Targeted delivery of gemcitabine to lung cancer cells via a hyaluronic acid-based nanoplatform

Abstract

To mitigate the dose-limiting toxicity of gemcitabine (GEM) in lung cancer therapy, we developed a targeted hyaluronic acid (HA)-based nanoplatform with sustained drug-release capabilities—GEM@HA-(HAP/PSI). The system consisted of a hydroxyapatite/polysuccinimide (HAP/PSI) composite core for efficient drug loading, with surface-conjugated HA serving as a CD44-targeting ligand. Following systematic optimization using response surface methodology, the resulting spherical nanoparticles (∼100–200 nm) exhibited pH-responsive drug release, good biocompatibility, and negligible hemolytic activity. In vitro studies using CD44-high A549 and CD44-low H358 cells confirmed that CD44-mediated active endocytosis was the predominant uptake pathway for the nanoplatform.

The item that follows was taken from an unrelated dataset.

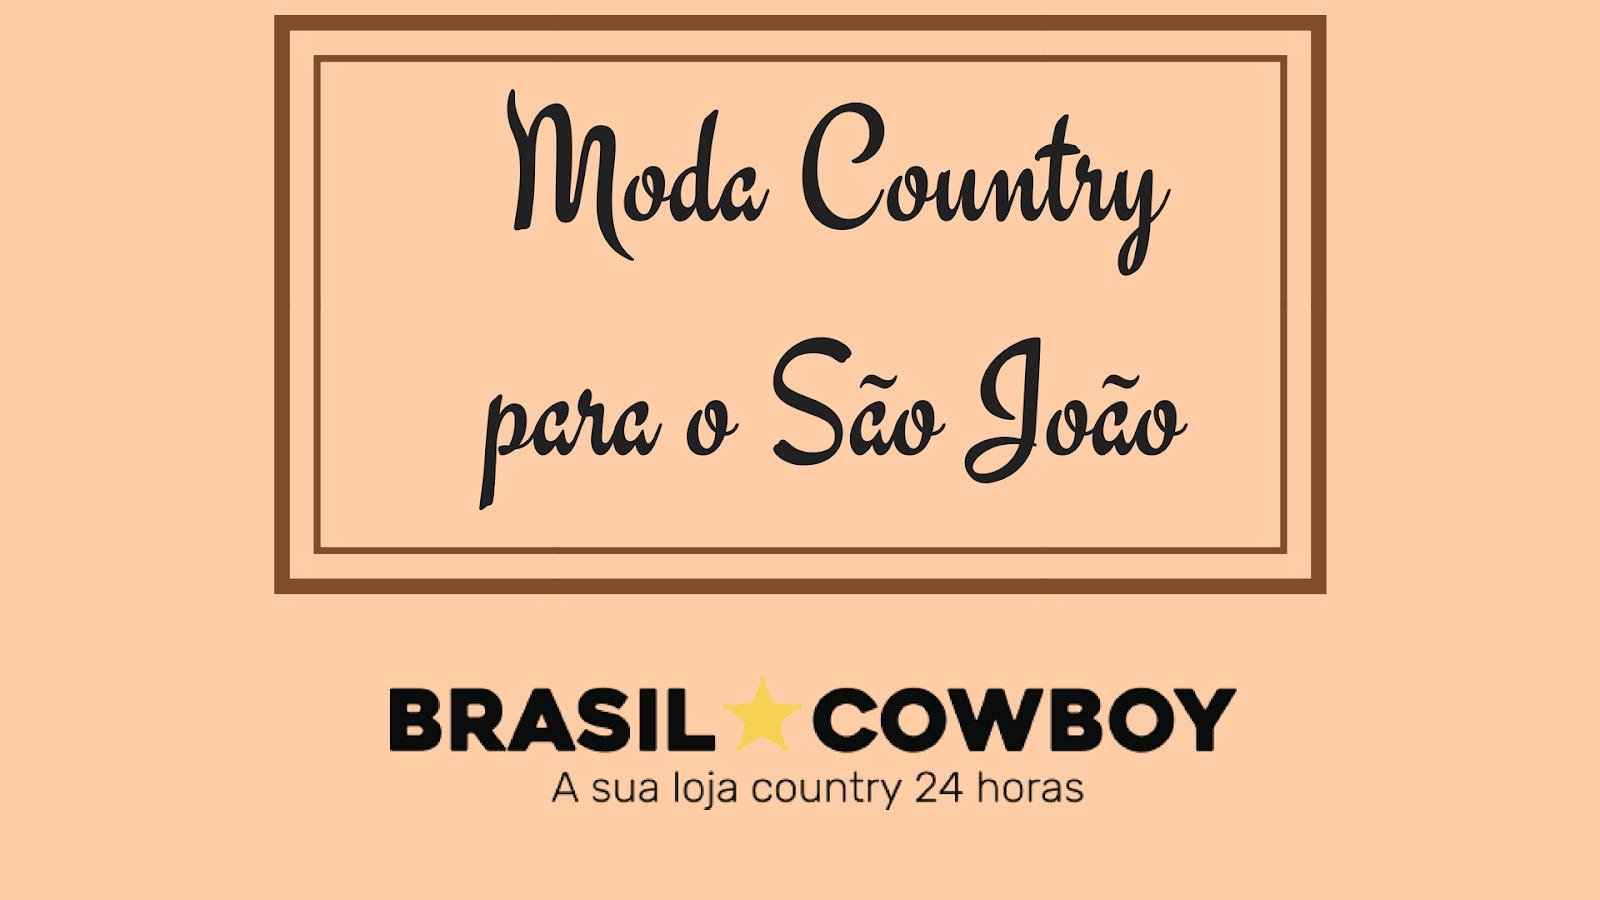 Brasil Cowboy  Moda Country para o São João - Gnoma Leitora 8494a52350a

Treatment with the optimized formulation (GEM@HA-(HAP/PSI)₁₀) led to significantly greater cytotoxicity, inhibition of cell migration and colony formation, and apoptosis induction than treatment with a non-targeted control formulation. Importantly, in A549 xenograft mouse models, GEM@HA-(HAP/PSI)₁₀ achieved superior tumor growth suppression relative to free GEM while also maintaining a favorable safety profile. Collectively, these findings indicate that the HA-targeted nanoplatform developed in this study enhances the precision and therapeutic efficacy of GEM delivery and holds promise for reducing its systemic toxicity.